Когда я догадался, что реальность моего воображения вовсе не обязана быть реальностью воображения моего читателя, я впервые осознал, что такое фактура, которую я обязан дать читателю.
Не случайно эта глава началась с кино. Там всё наглядно, но даже в кино режиссёр и художник-постановщик не всегда умеют убедить зрителя в правдивости атмосферы. А уж литературный творец – тем более. Ему кажется, что всё внятно, наглядно, красочно, а на самом деле читатель не получает ничего – ни фона, ни мыслей…
Как же справиться с поставленной задачей? Как рассказать историю, чтобы она не только увлекала сюжетом, но и позволяла читателю увидеть то, что видите вы? Могу поспорить с кем угодно, что такого рецепта нет. Не существует формулы, которая вложила бы в ваши руки магию управления умом публики. Но есть труд… И желание донести до других своё ощущение ситуации, своё проживание истории, своё видение чего-то конкретного…
Я придумал техническое упражнение. В качестве развлечения.
Возьмите фотографию и опишите её. Затем дайте друзьям почитать ваше произведение. Увидят ли они то, что изображено на фотографии, всю игру её света и теней? Увидят ли они историю, которую несёт неподвижный снимок? Увидят ли они всё это так, как видите её вы? Если этого не произойдёт, то ответ один: вам не удалось передать то, что видите вы. Цвет, звуки, фактура ткани, вязкость воздуха, жар тела… Тысячи аспектов каждого мгновения. Вы можете описывать совсем не те детали, которые указывают на то, что вам хочется рассказать. Как ни удивительно, но вы можете упустить самое главное, а рассказать о второстепенном. И для кого-то второстепенное станет главным, поскольку оно написано выпукло, а главное оставлено в тени.
Простое упражнение… Рассказать фотографию… Почему фотографию? Потому что она застывшая. Вы всегда можете технически проверить, то ли увидел ваш читатель. И те ли ощущение передали вы, которые прочитал он. Фотография не убежит. Это вечное мгновение. И оно наполнено миллионами деталей, о которых можно рассказывать бесконечно и увлекательно.
ПРОНИКНОВЕНИЕ В ТКАНЬ
Всем хорошо известно, что один человек расскажет анекдот, и компания примет шутку с натянутой улыбкой вежливости, а другой расскажет тот же самый анекдот так, что все попадают со стульев от смеха. Первый чего-то не понимает, чего-то не умеет, он тупо излагает события и мысль. Второй живёт внутри того, о чём говорит, ему нравится быть «там», нравится смешить, веселить, нравится быть центром внимания; более того: он любит тех, о ком рассказывает анекдоты, любит их глупость, их жадность, их щедрость, их особенность. Если не любить то, чем вы занимаетесь, занятие превратится в рутину и мало-помалу иссушит вас.
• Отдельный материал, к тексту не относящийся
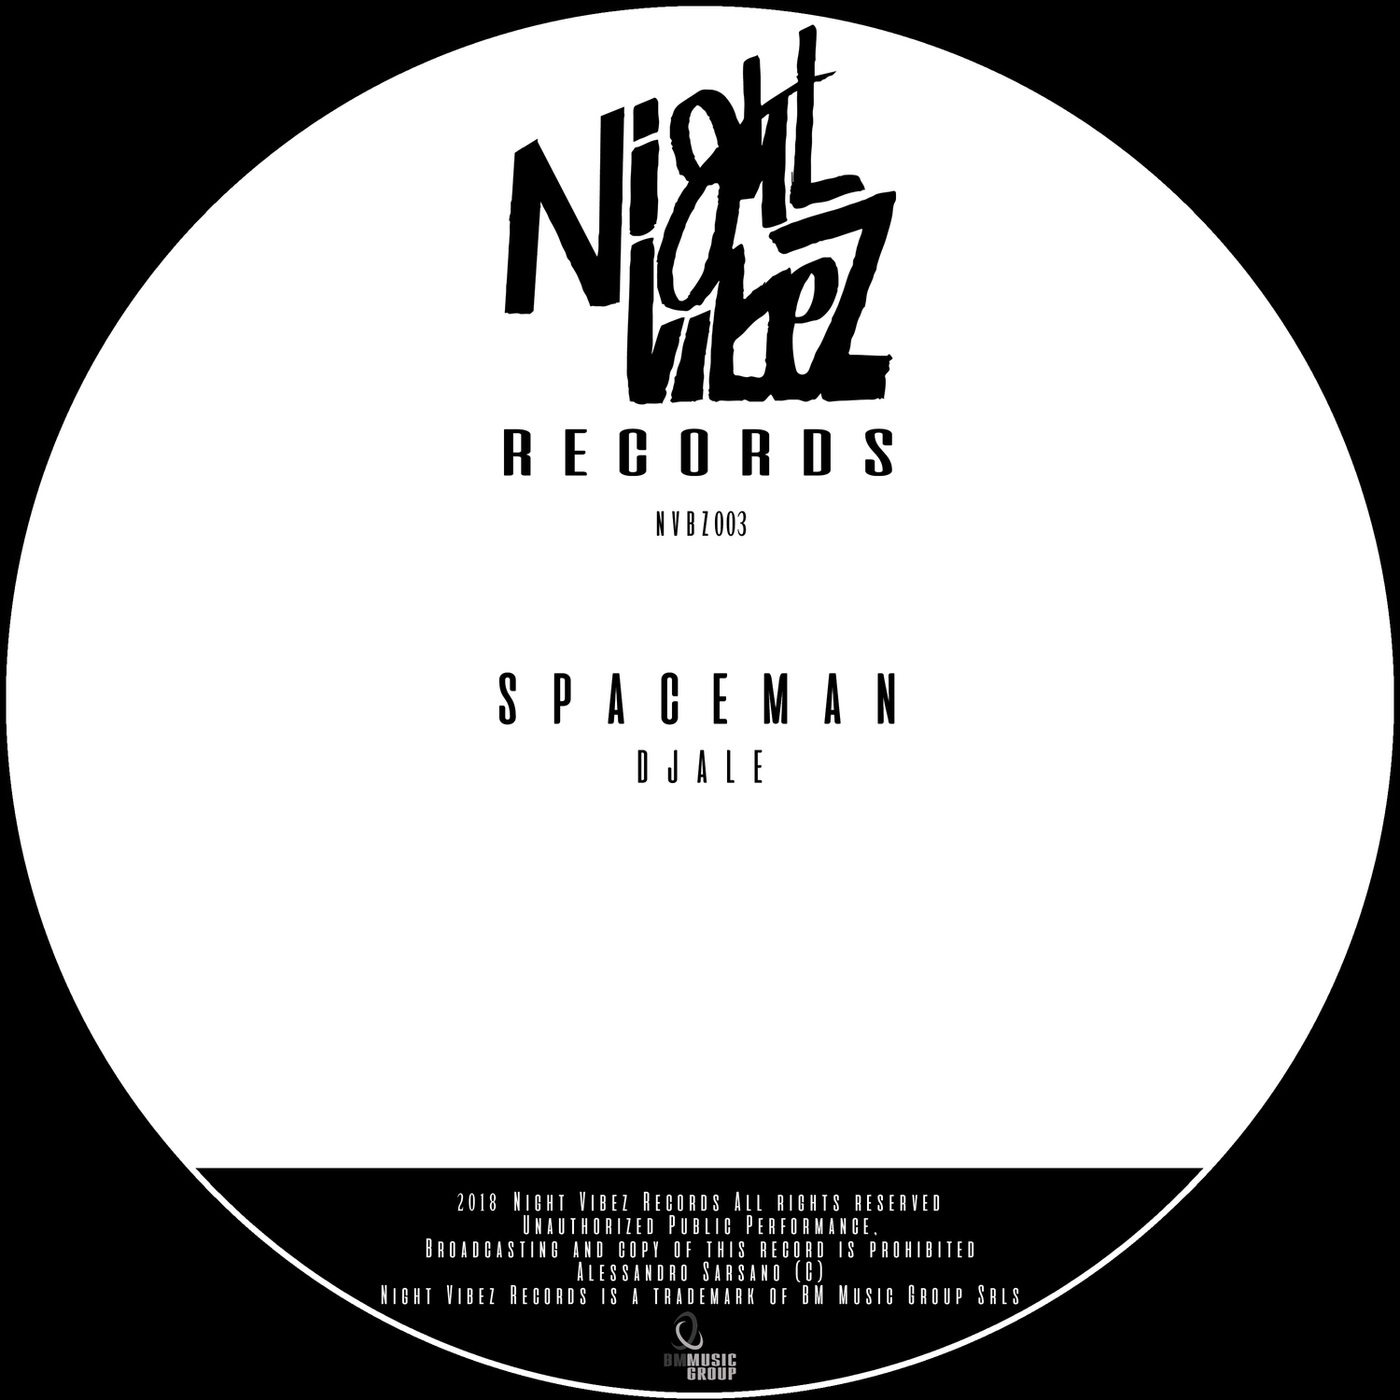 Djale - Spaceman / Night Vibez Records

Писательство – это та же любовь. Самая сложная любовь, ибо вы обязаны любить хорошее и плохое. Ни один человек не бывает однозначен, даже самый простой человек, самый бесхитростный, и всё это нужно передать, отразить каким-то образом в портрете и поступках действующих лиц. Творческий процесс – не просто сплетение сюжета, это также и познание себя. Нет смысла заниматься книгой, если для меня всё ясно и понятно. Я отвечаю самому себе на сотни вопросов по мере продвижения вместе с моими персонажами по руслу их жизни. Их чувства – всегда мои чувства. Я не ассоциирую себя с ними, я и есть они. Их много, но все уживаются во мне, как всё человечество уживается на Земле; народов много, поэтому они спорят, противоречат, враждуют, любят, а я наслаждаюсь всем этим. Они – кровь и плоть моей писательской души. Без них всё опустело бы для меня. И чем больше я узнаю о них, тем больше открываю в себе. Наша похожесть друг на друга делает возможным управлять друг другом, влиять друг на друга с помощью наших мыслей. Писатель, не умеющий этого делать, не сможет увлечь читателя, ведь если мне что-то интересно, значит, это должно быть интересно и моему читателю. Я обязан увлечь его, иначе весь мой труд бесполезен.
Кто я в глазах публики? Клоун. Словесный клоун. Я показываю фокусы, предлагаю незнакомые ситуации (или знакомые, но вывернутые наизнанку, показанные с непривычной стороны). Я развлекаю. Музыканты, танцоры, художники, писатели – это разновидности клоунов. Они выставляют себя напоказ и всегда огорчаются, если не могут удержать внимание публики. Каждый придумывает свои способы удерживать внимание. Одним удаётся, другие терпят неудачу. Но даже если вы умеет удерживать внимание, вам сначала надо попасть в поле зрения публики. Писателю это сделать сложнее остальных. Музыка слышна сразу, картина тоже видна сразу, а книгу надо читать, она требует времени и усилия. Недавно я заметил, что стал читать меньше, но не сразу понял, что причиной тому моё подсевшее зрение. Мне требуются очки, но я не привык к ним, поэтому книга начинает раздражать. И так всюду: существует много-много незаметных причин, не позволяющих людям проникнуть в ткань литературного произведения, даже если это по-настоящему увлекательное произведение.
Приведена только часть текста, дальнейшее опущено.